*About this task*
Keep every word of the listing and reproduce it exactly, but set aside any image found there.
---------- Data block
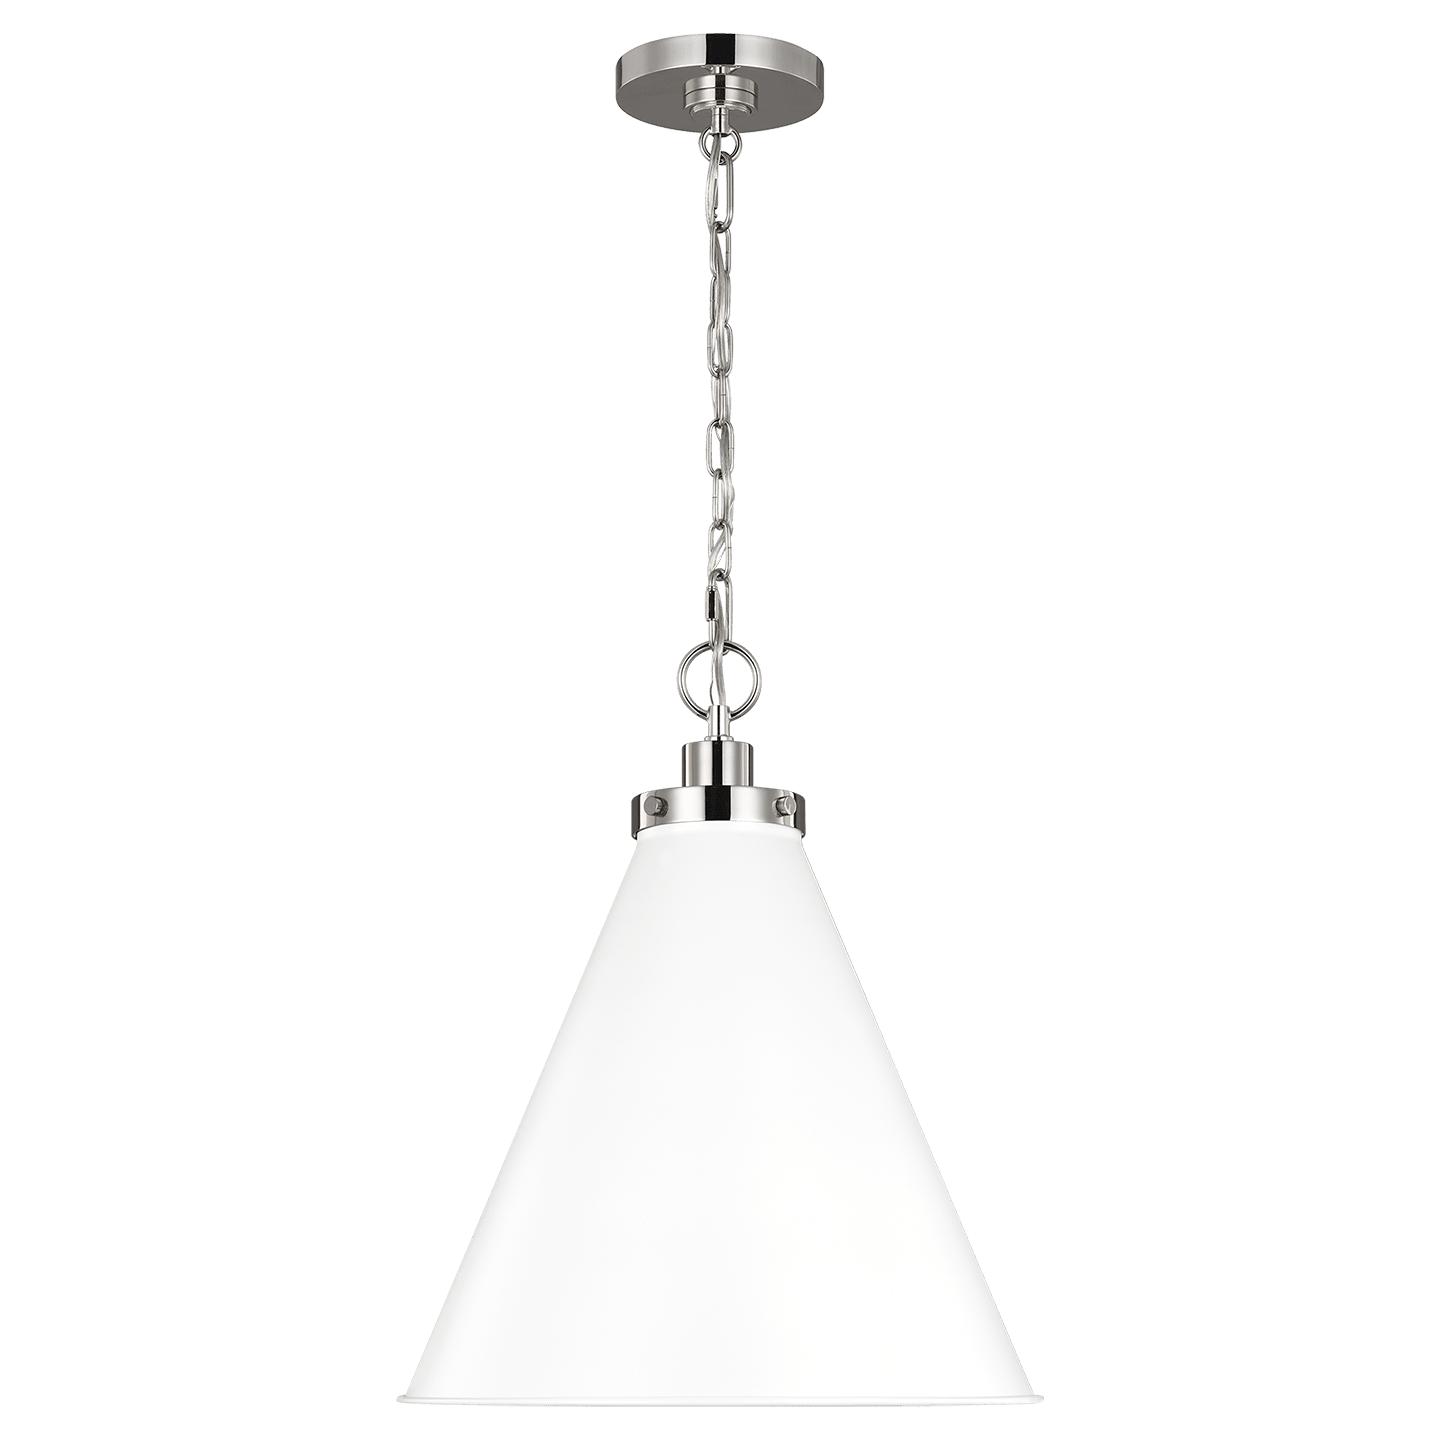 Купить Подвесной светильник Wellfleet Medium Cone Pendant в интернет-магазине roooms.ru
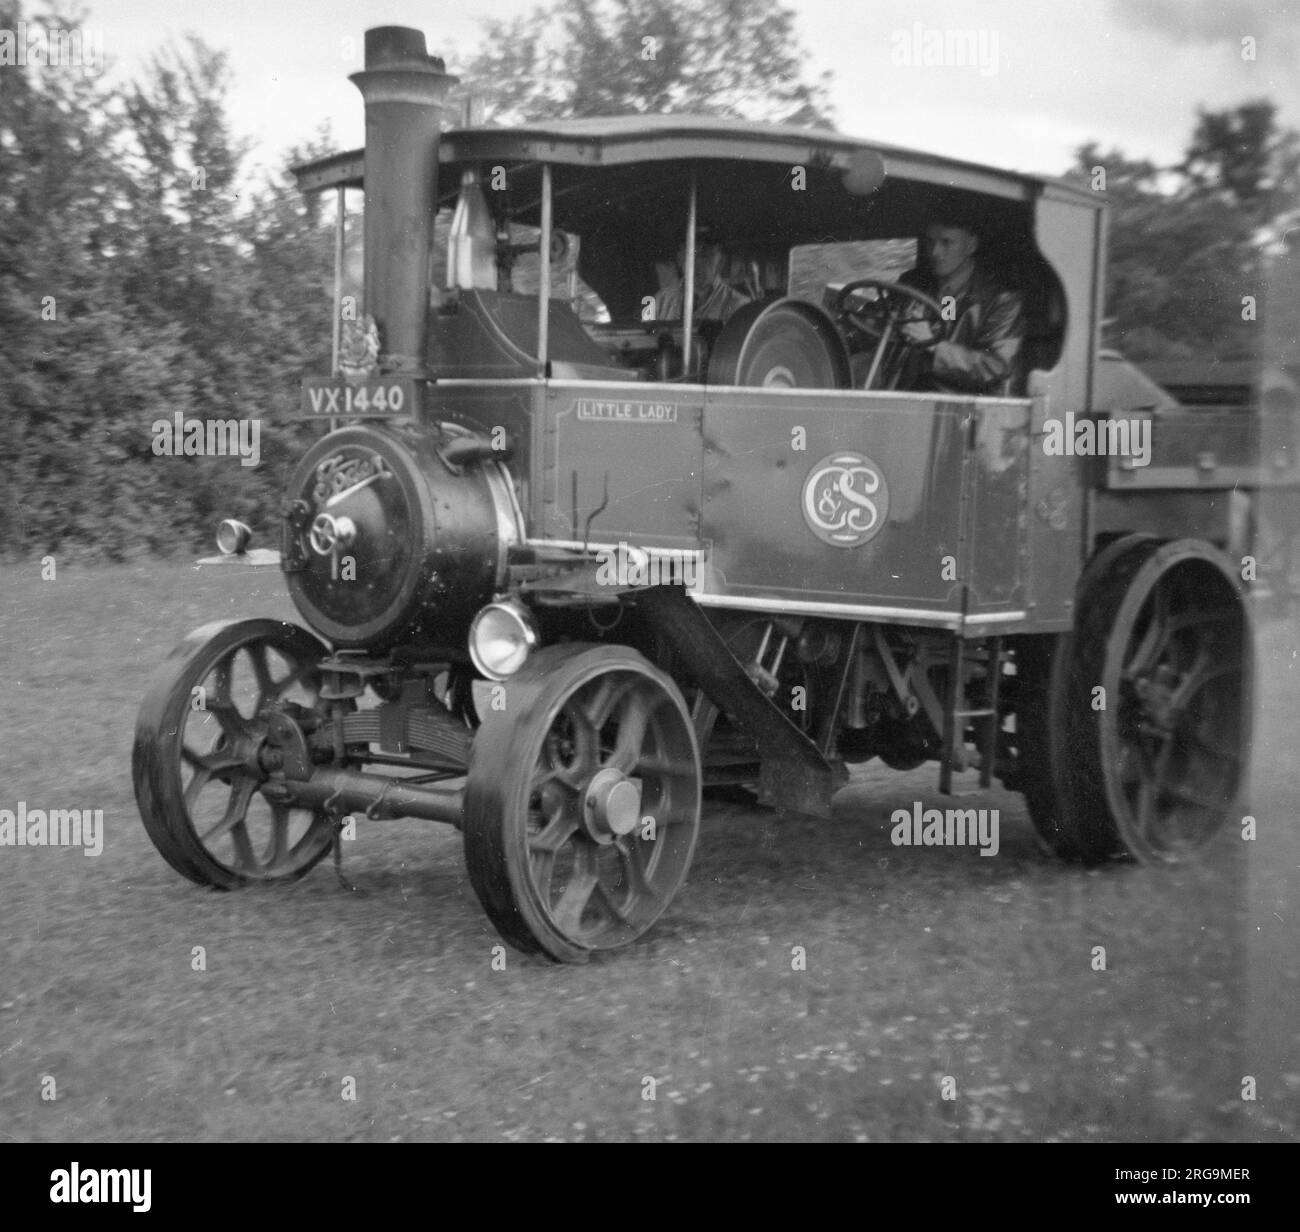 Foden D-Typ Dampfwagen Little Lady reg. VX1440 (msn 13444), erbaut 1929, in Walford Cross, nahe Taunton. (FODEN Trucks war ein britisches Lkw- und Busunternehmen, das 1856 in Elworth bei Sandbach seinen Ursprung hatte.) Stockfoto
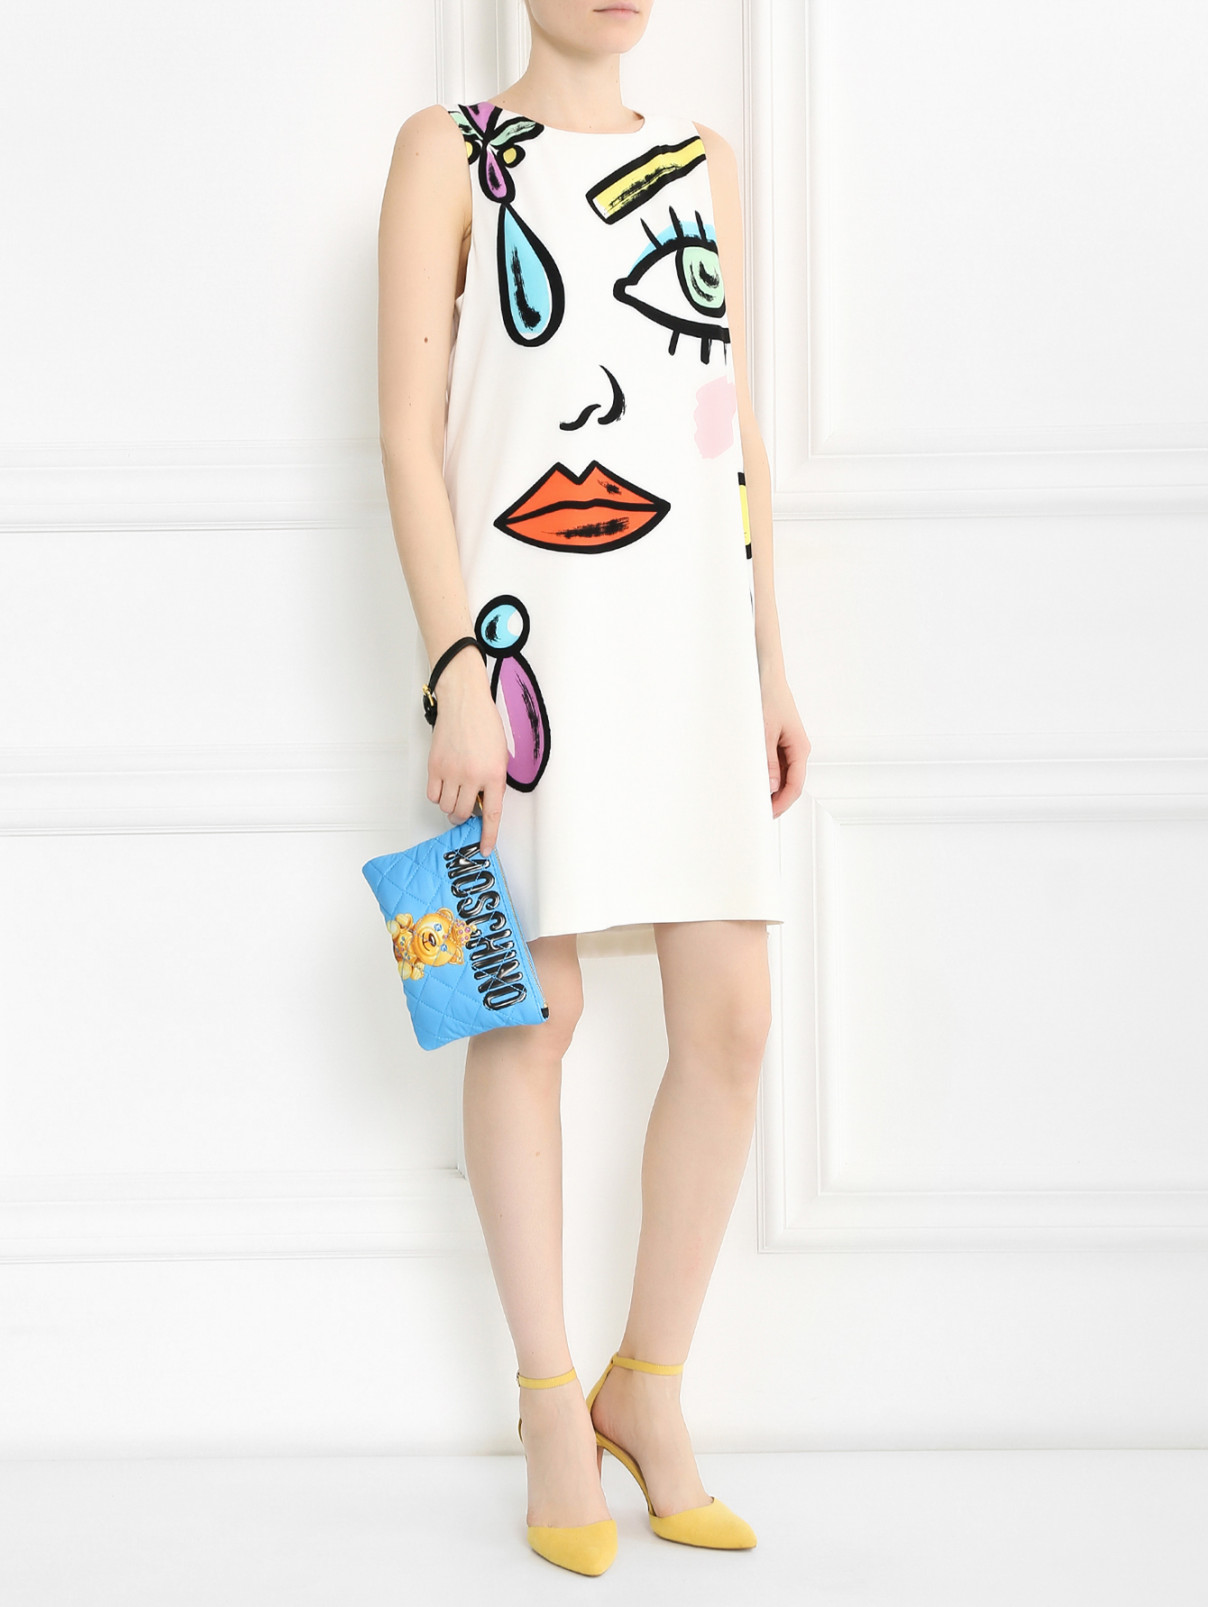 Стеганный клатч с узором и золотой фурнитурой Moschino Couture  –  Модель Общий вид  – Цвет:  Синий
--------------------
*Result*
 Купить Подвесной светильник Wellfleet Medium Cone Pendant в интернет-магазине roooms.ru
 Foden D-Typ Dampfwagen Little Lady reg. VX1440 (msn 13444), erbaut 1929, in Walford Cross, nahe Taunton. (FODEN Trucks war ein britisches Lkw- und Busunternehmen, das 1856 in Elworth bei Sandbach seinen Ursprung hatte.) Stockfoto
 Стеганный клатч с узором и золотой фурнитурой Moschino Couture  –  Модель Общий вид  – Цвет:  Синий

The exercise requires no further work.